### AIM OF THE EXERCISE
Given these entries, repeat exactly the lines starting with the one that has "Jonathan, Te Vas" and going on through the one that has "Miz Mooz Leather", both included, but none of the pictures.

### DATA FOR THIS TASK
● ● ● ● ●

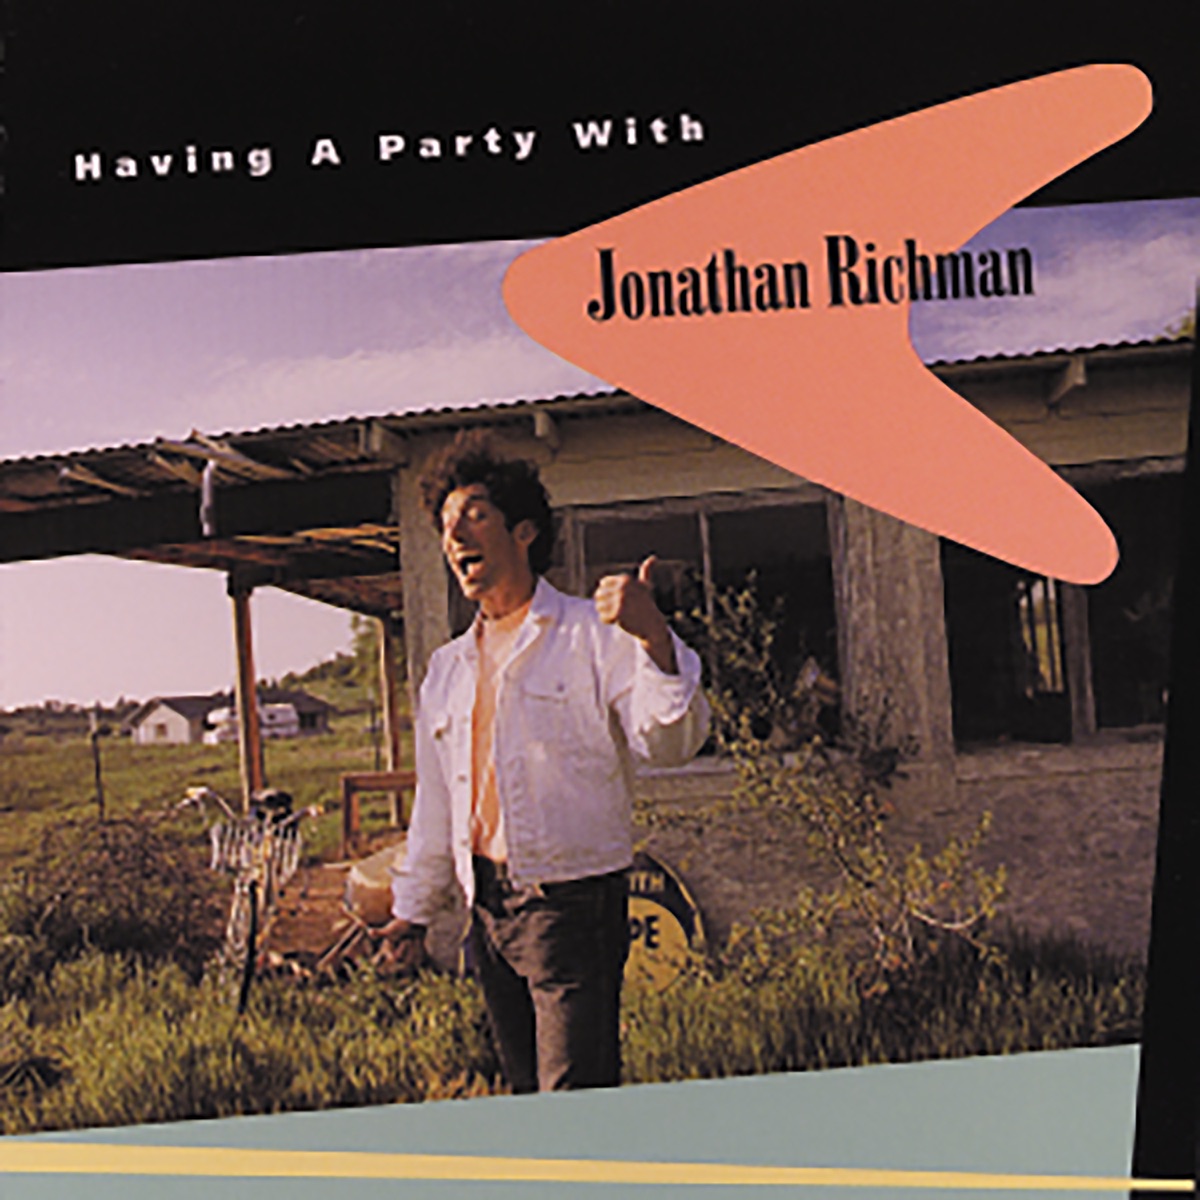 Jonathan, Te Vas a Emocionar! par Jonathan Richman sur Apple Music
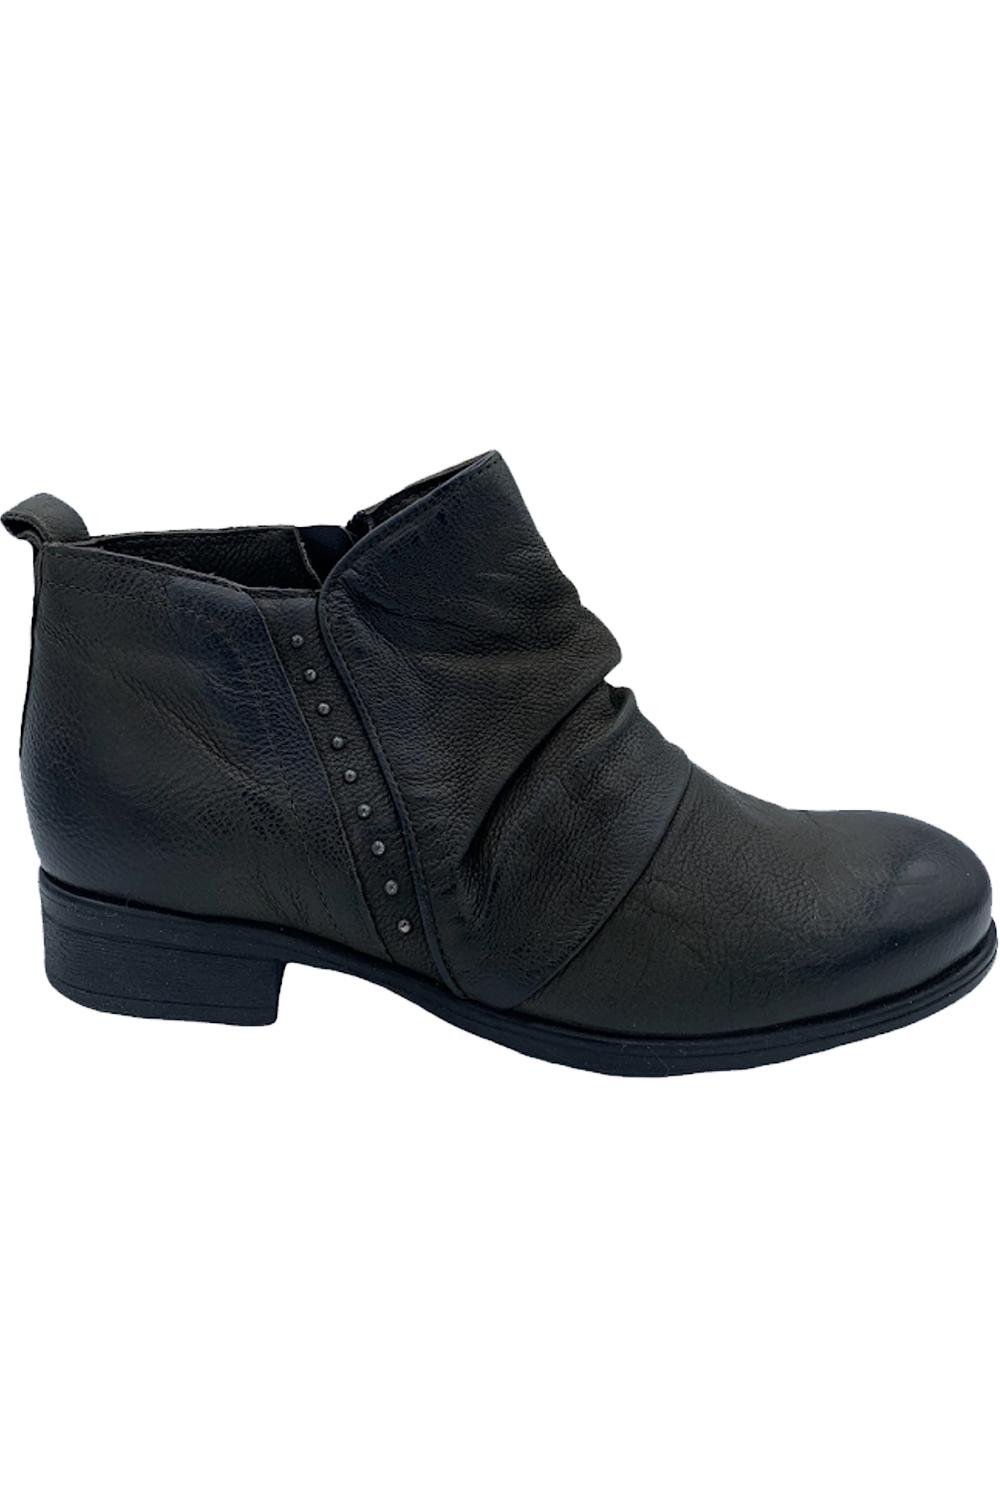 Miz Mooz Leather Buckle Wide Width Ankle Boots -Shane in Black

● ● ● ● ●

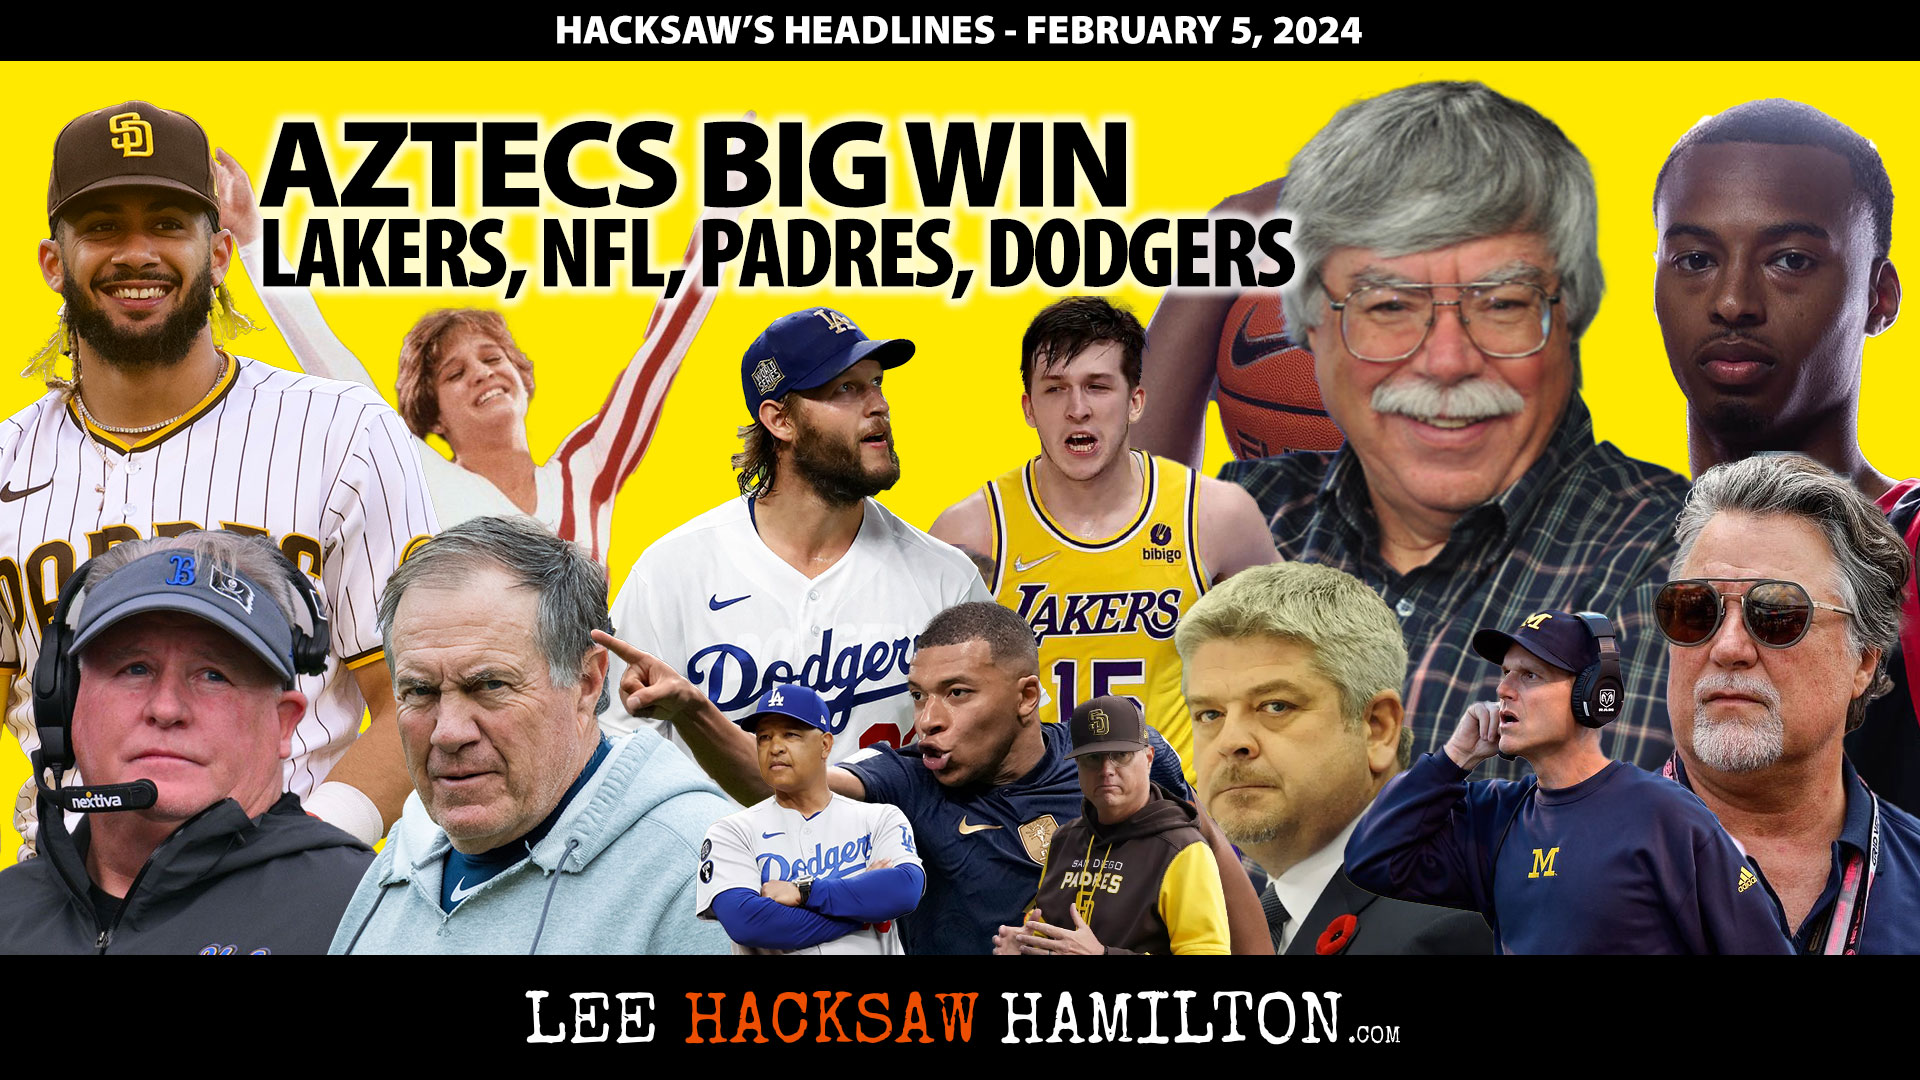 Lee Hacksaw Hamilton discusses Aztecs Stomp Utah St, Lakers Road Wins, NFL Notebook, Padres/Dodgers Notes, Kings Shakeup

● ● ● ● ●

### TASK SOLUTION
 Jonathan, Te Vas a Emocionar! par Jonathan Richman sur Apple Music
 Miz Mooz Leather Buckle Wide Width Ankle Boots -Shane in Black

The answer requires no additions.